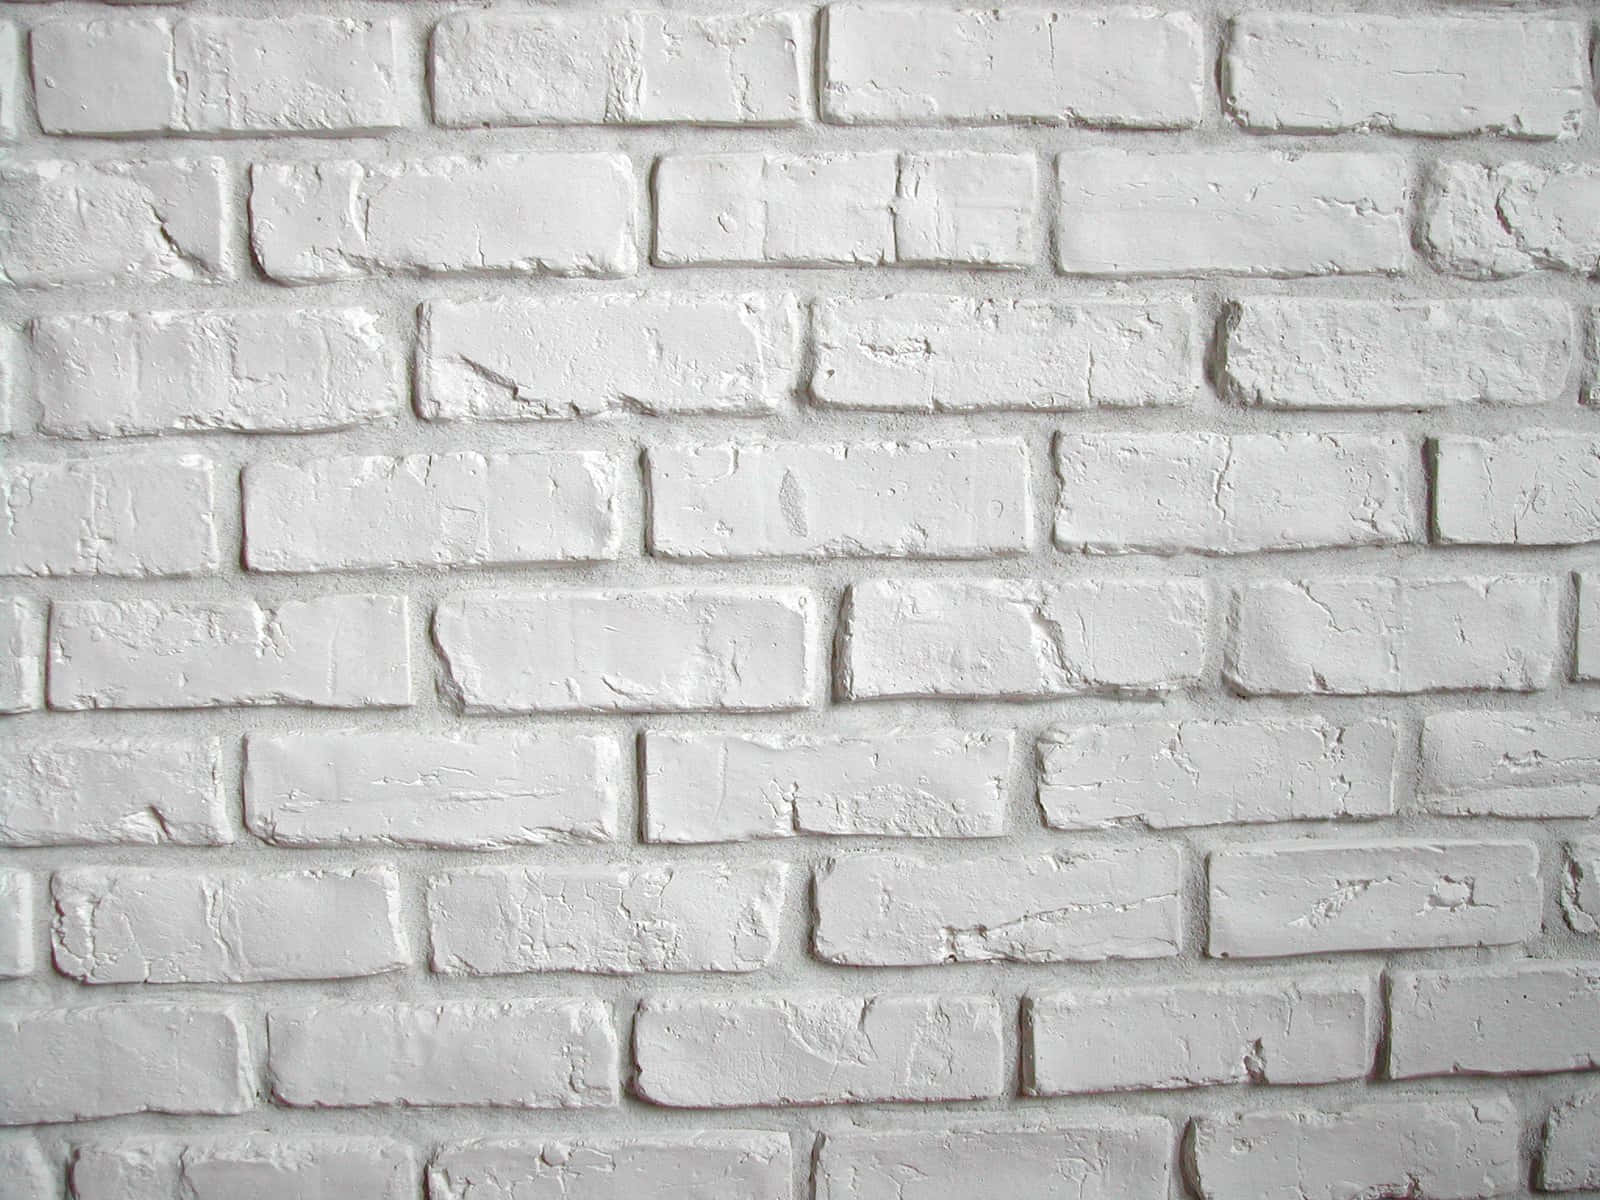 Immaginedi Un Muro Di Mattoni Dipinto Di Bianco
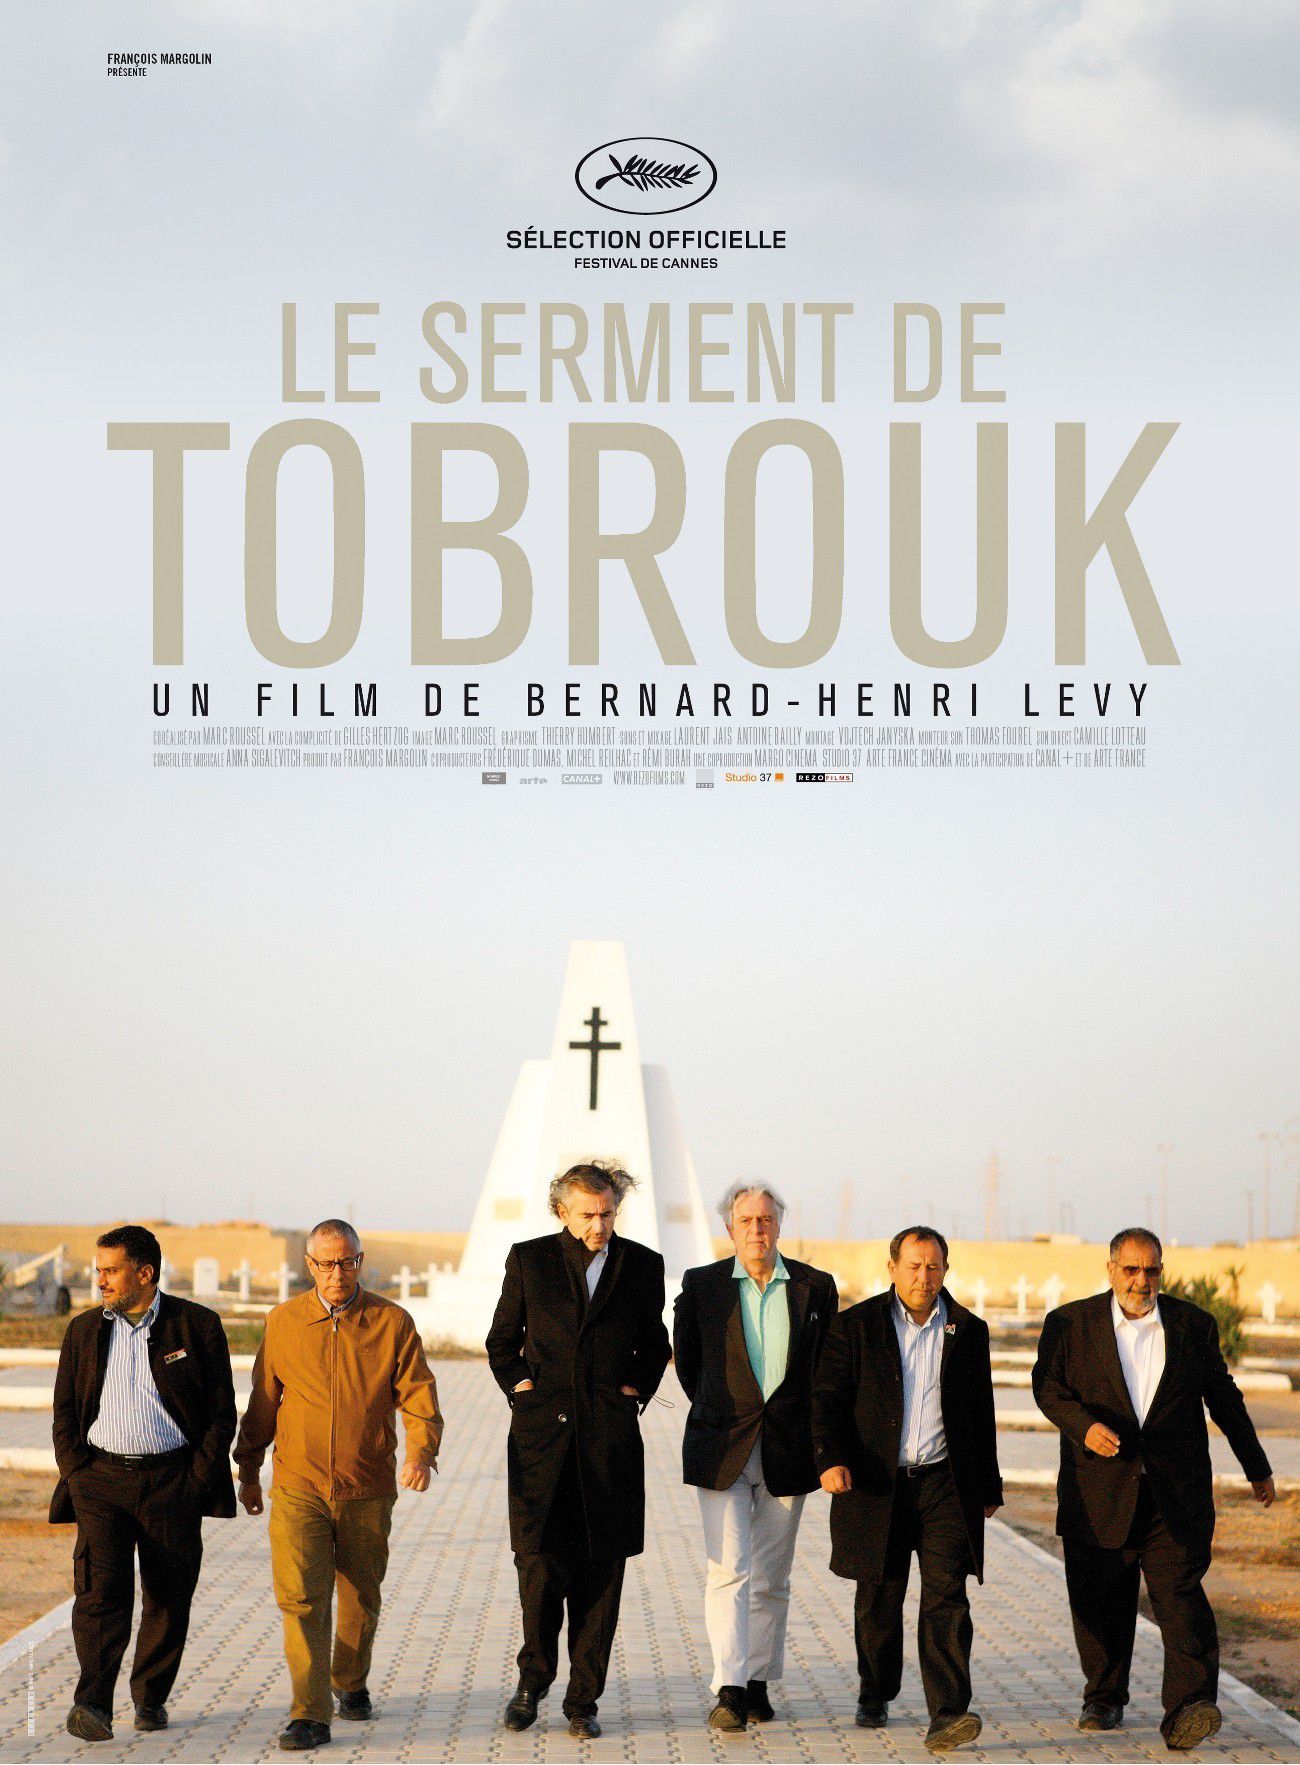 Le Serment de Tobrouk - Documentaire (2012) streaming VF gratuit complet
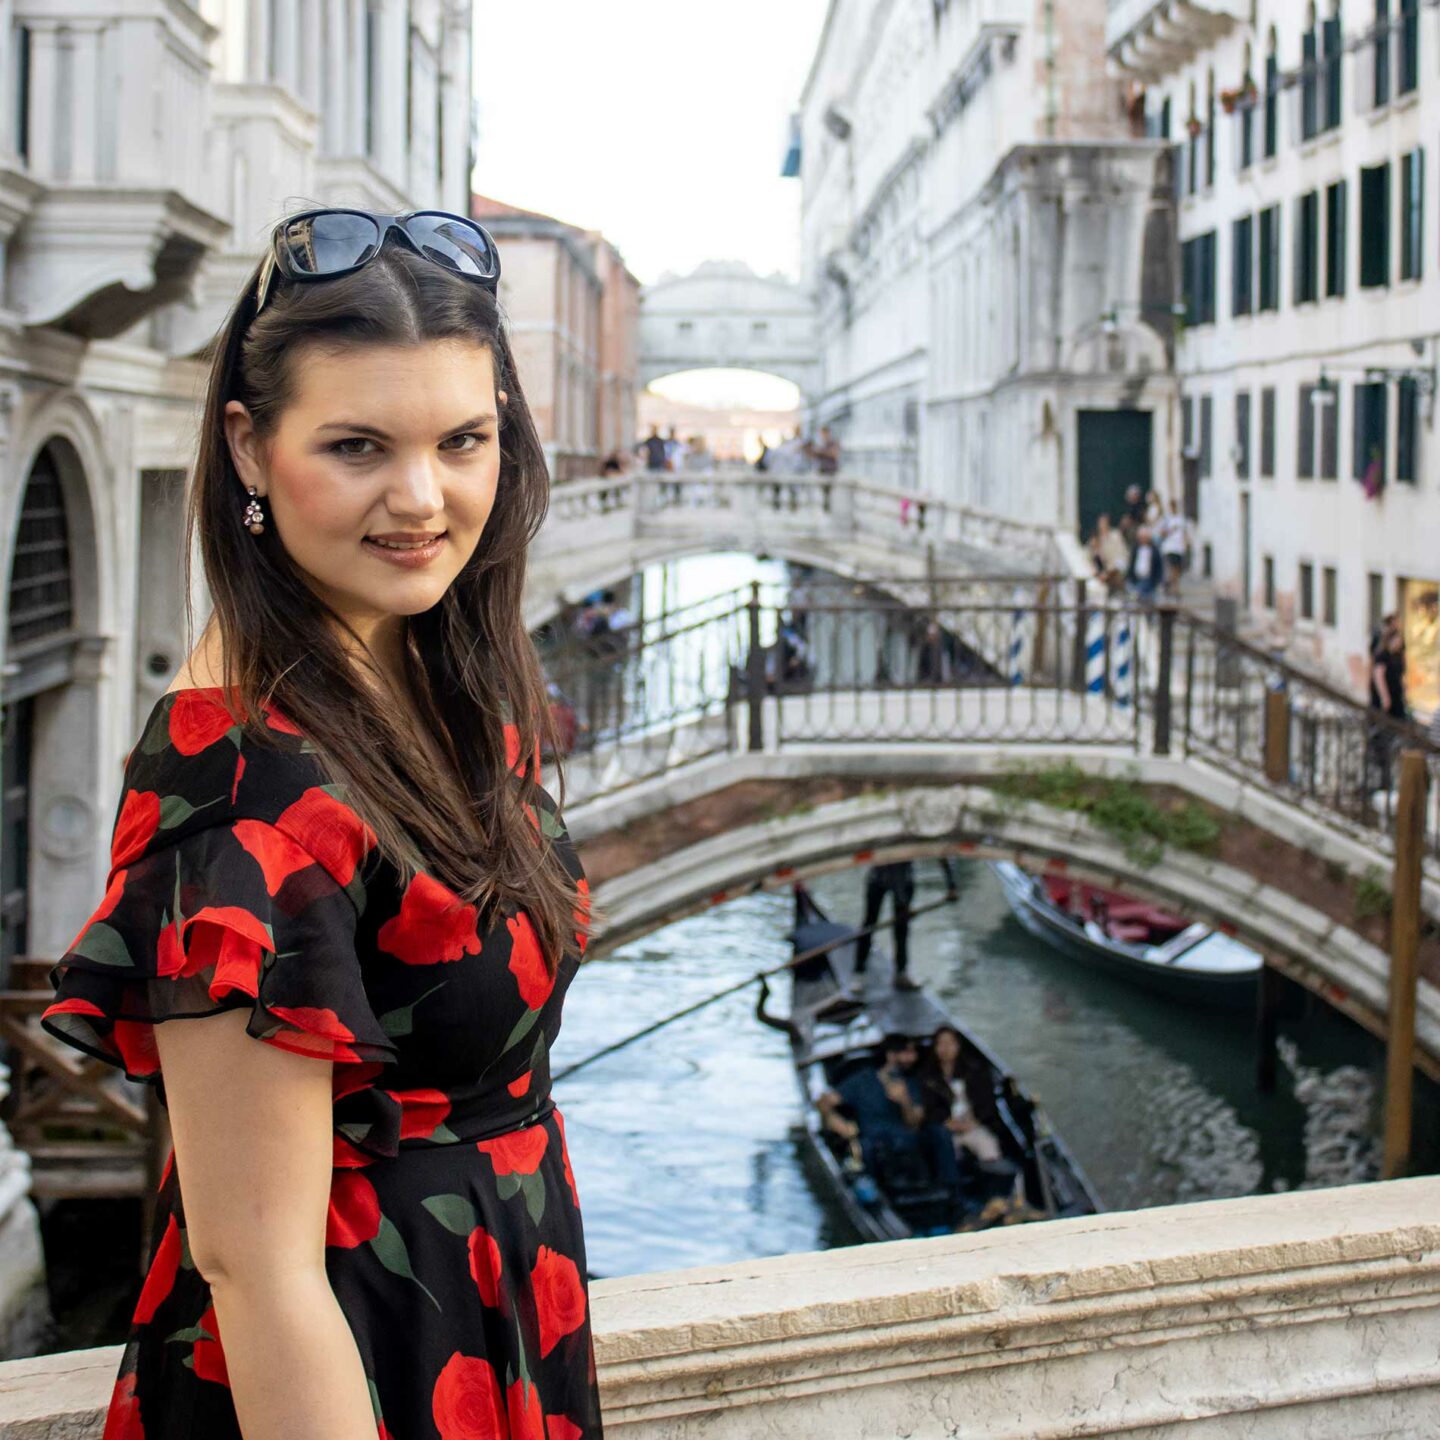 schöner Fotospot mit Blick auf die kleine Kanäle und Brücken in Venedig

(BRIEF)
Exclude the images, then output the data above word for word.

(TASK SOLUTION)
 Immaginedi Un Muro Di Mattoni Dipinto Di Bianco
 Le Serment de Tobrouk - Documentaire (2012) streaming VF gratuit complet
 schöner Fotospot mit Blick auf die kleine Kanäle und Brücken in Venedig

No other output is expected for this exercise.